Por último, la trama sufre bastante por su condición de capítulo intermedio. Todavía queda un juego entero para poder dar por finiquitada esta nueva versión de la historia y hay demasiadas cosas que se dejan en el tintero, sin resolución alguna.
De hecho, al expandir tantísimo el metraje (me ha llevado cerca de 65 horas llegar a los títulos de crédito sin ahondar mucho en distracciones opcionales) pero al mismo tiempo siguiendo muy de cerca los eventos del original, se produce una descompensación notable que contribuye sobremanera a la sensación de que apenas sucede nada durante la primera mitad del juego y todo lo mollar se concentra en la segunda.
También es de justicia señalar que la aseveración estimulante de que íbamos a embarcarnos en un viaje desconocido no es correcta y que muchos elementos que levantaron tantísimas expectativas en el final de Remake no tienen ni de lejos los efectos radicales que se les podía suponer.

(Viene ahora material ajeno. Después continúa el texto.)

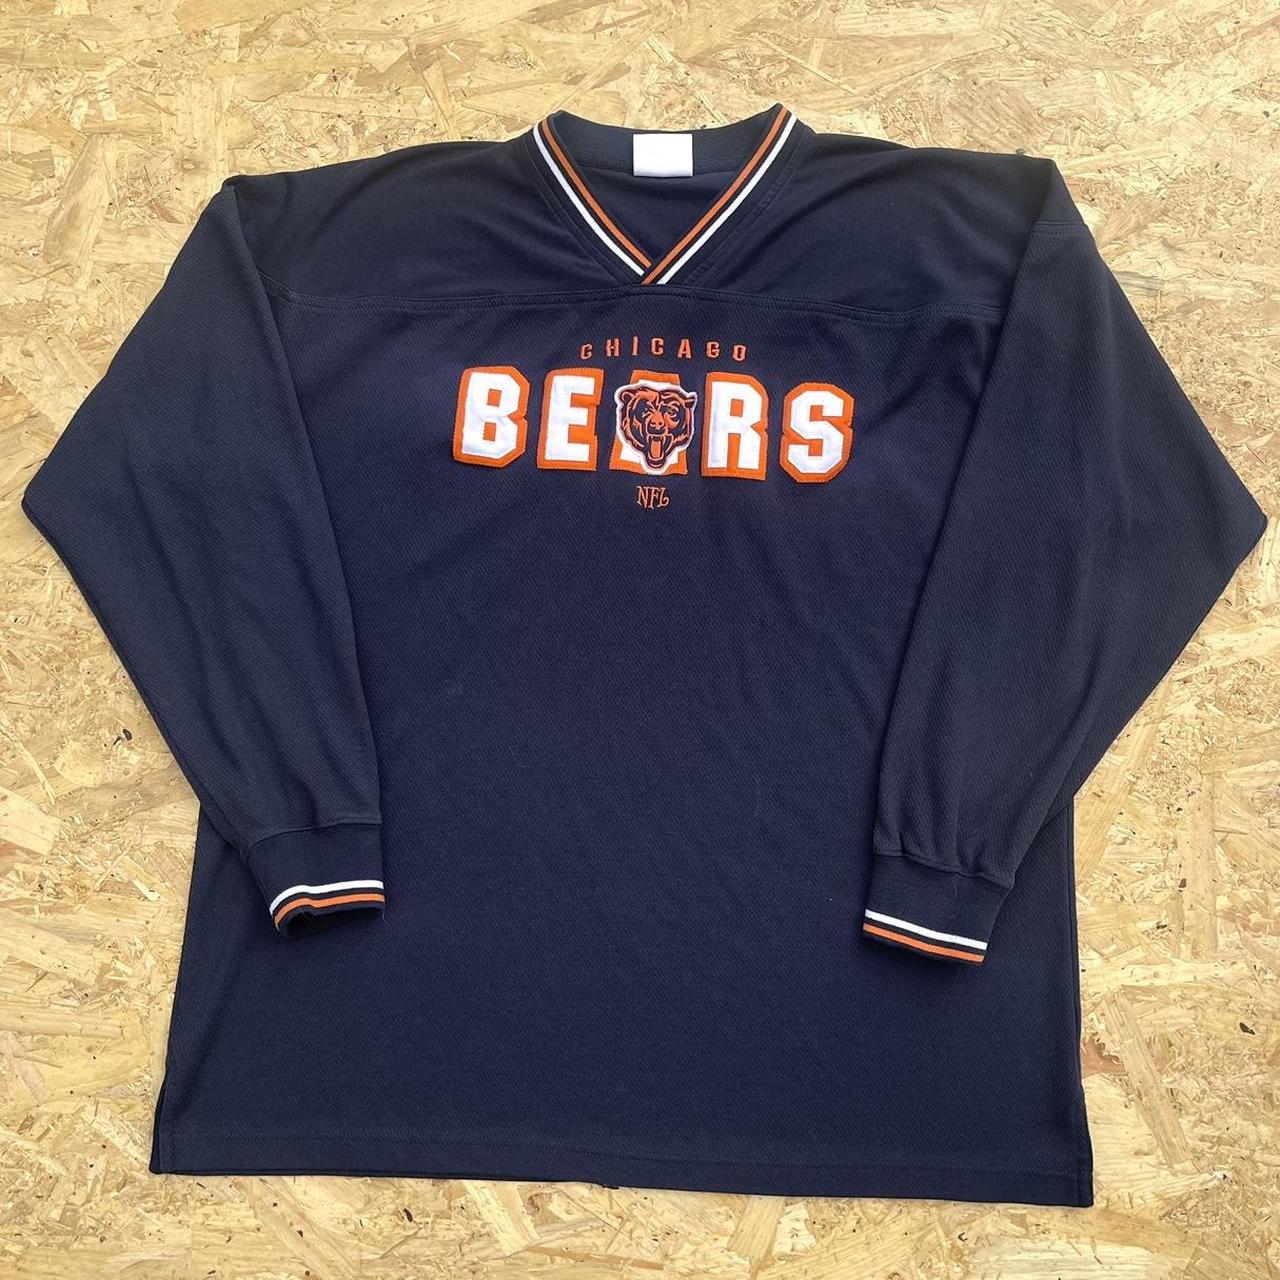 Vintage Reebok NFL x ‘Chicago Bears’ Embroidered... - Depop

Podríamos decir que el estudio comandado por Yoshinori Kitase ha sido, al menos en esas lides, profundamente conservador. El alegato ecologista sigue siendo inquebrantable, pero lo han sabido sumergir en un misticismo panteísta que recoge las tradiciones sintoístas y las presenta de una nueva forma.
Con todas las reservas que me han producido ciertas decisiones narrativas y su farragoso inicio, Final Fantasy VII Rebirth a la postre se erige como un juego sobresaliente, muchísimo más seguro de sí mismo que el titubeante Remake, que ha sabido inspirarse en los mejores títulos de rol occidental (The Witcher 3, Horizon: Zero Dawn) para componer un diseño de mundo abierto fantástico que consigue traer las virtudes evocadoras de los clásicos de los noventa a la edad moderna.
Su obsesión por el contenido le ha llevado a saturar el título con minijuegos que harán las delicias de los más nostálgicos y que en cierta manera lo ha convertido en un gigantesco parque de atracciones.
El sistema de combate sigue de cerca lo propuesto en su antecesor, con las innovaciones precisas para hacerlo más estimulante y estratégico (desde luego, es mucho más RPG que el XVI).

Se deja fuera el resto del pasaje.